Blood pressure, see Arterial blood pressure; Diastolic blood pressure; Mean blood pressure; Systolic blood pressure
Blood products. Many products may be obtained from donated blood (Fig. 25), including:
whole blood: stored at 2–6°C for up to 35 days. 70 ml citrate preservative solution is added to 420 ml blood. The use of whole blood for blood transfusion is restricted in the UK. Heparinised whole blood (lasts for 2 days) has been used for paediatric cardiac surgery.
packed red cells (plasma reduced): stored at 2–6°C for up to 35 days. Should be kept at room temperature for no more than 24 h. Haematocrit is approximately 0.55. Produced by removing all but 20 ml residual plasma from a unit of whole blood and suspending the cells in 100 ml SAG-M (saline–adenine–glucose–mannitol) solution to give a mean volume per unit of 280 ml. Since 1998, routinely depleted of leucocytes to decrease the risk of transmitting variant Creutzfeldt–Jakob disease. One unit typically increases haemoglobin concentration in a 70-kg adult by 1 g/dl.

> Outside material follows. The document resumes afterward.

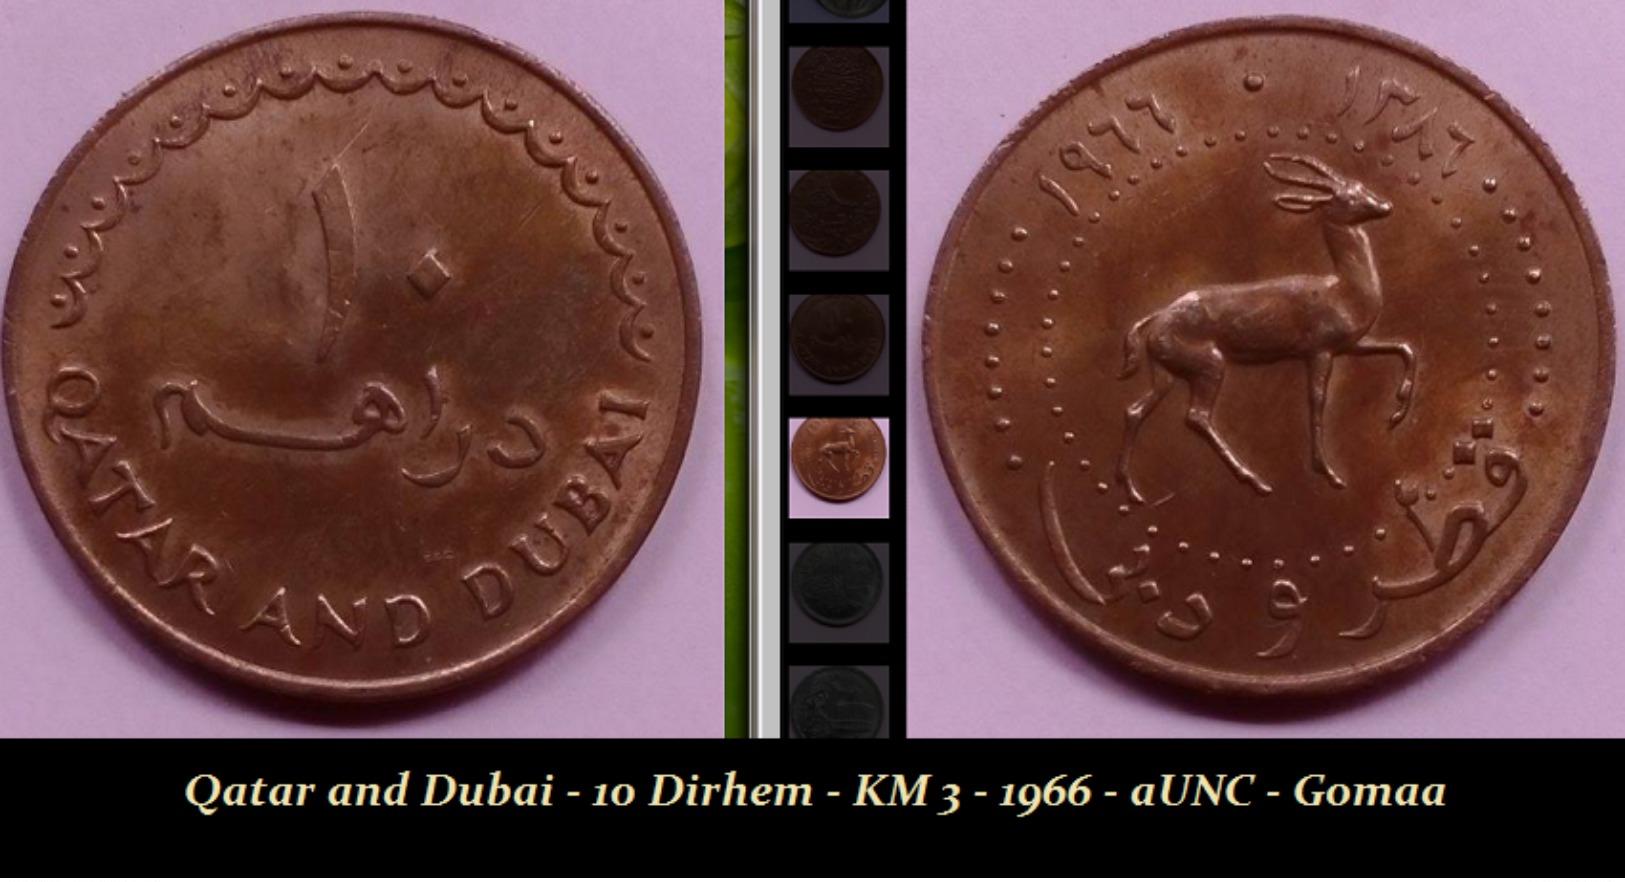 Qatar And Dubai - 10 Dirhem - KM 3 - 1966 - AUNC - Gomaa - Emirats Arabes Unis

platelets: stored at 22°C for up to 5 days. Obtained either from a single donor by plateletpheresis (one donation yielding 1–3 therapeutic dose units) or from multiple units of donated whole blood (one unit of platelets derived from four donors). Transfusion thresholds vary according to the clinical situation, the level of platelet function and laboratory evidence of coagulopathy, but typically include a platelet count of 50 × 109/l or less for surgery, unless platelet function is abnormal. One therapeutic dose unit (approximate volume 210–310 ml) normally increases the platelet count by 20–40 × 109/l, although some patients may exhibit ‘refractoriness’ (e.g. those with circulating antiplatelet antibodies). Filtered by microfilters; ordinary iv giving sets are suitable. Preferably should be ABO-compatible. Contains added citrate.
fresh frozen plasma (FFP): stored at −30°C for up to 2 years. Must be ABO-compatible. Once thawed, can be stored at 4°C and must be given within 24 h, or kept at room temperature and given within 4 h. Contains all clotting factors, including fibrinogen, and is also a source of plasma cholinesterase. Contains added citrate. Viral infection risk is as for whole blood. In the UK, one unit of FFP is derived from plasma from a single donor, and FFP for children born after 1995 is derived from unpaid US donors. Indicated for treatment of various coagulopathies e.g. multifactor deficiencies associated with major haemorrhage and/or DIC. One adult therapeutic dose is 12–15 ml/kg or 4 units for a 70-kg adult, and would typically increase the fibrinogen concentration by 1 g/l.
human albumin solution (HAS; previously called plasma protein fraction, PPF): stored at room temperature for 2–5 years depending on the preparation. Heat-treated to kill viruses. Contains virtually no clotting factors. Available as 4.5% and 20% (salt-poor albumin) solutions; both contain 140–150 mmol/l sodium but the latter contains less sodium per gram of albumin. Licensed for blood volume expansion with or without hypoalbuminaemia. Use is controversial owing to its high cost and the absence of evidence demonstrating its superiority to other colloids. UK supplies are now sourced from the USA.
factor concentrates, e.g. VIII and IX: now obtained by recombinant gene engineering, removing the risk of viral infection. Recombinant activated factor VII (rFVIIa) is licensed for the treatment of patients with acquired or congenital haemophilia, von Willebrand’s disease and inhibitors to factors VIII or IX of the clotting cascade. Factor VIIa enhances thrombin generation on the surfaces of activated platelets, thus having a mainly local effect with little impact on systemic coagulation. Increasingly used off-licence for arresting major traumatic, surgical and obstetric haemorrhage, although use is restricted owing to extremely high cost.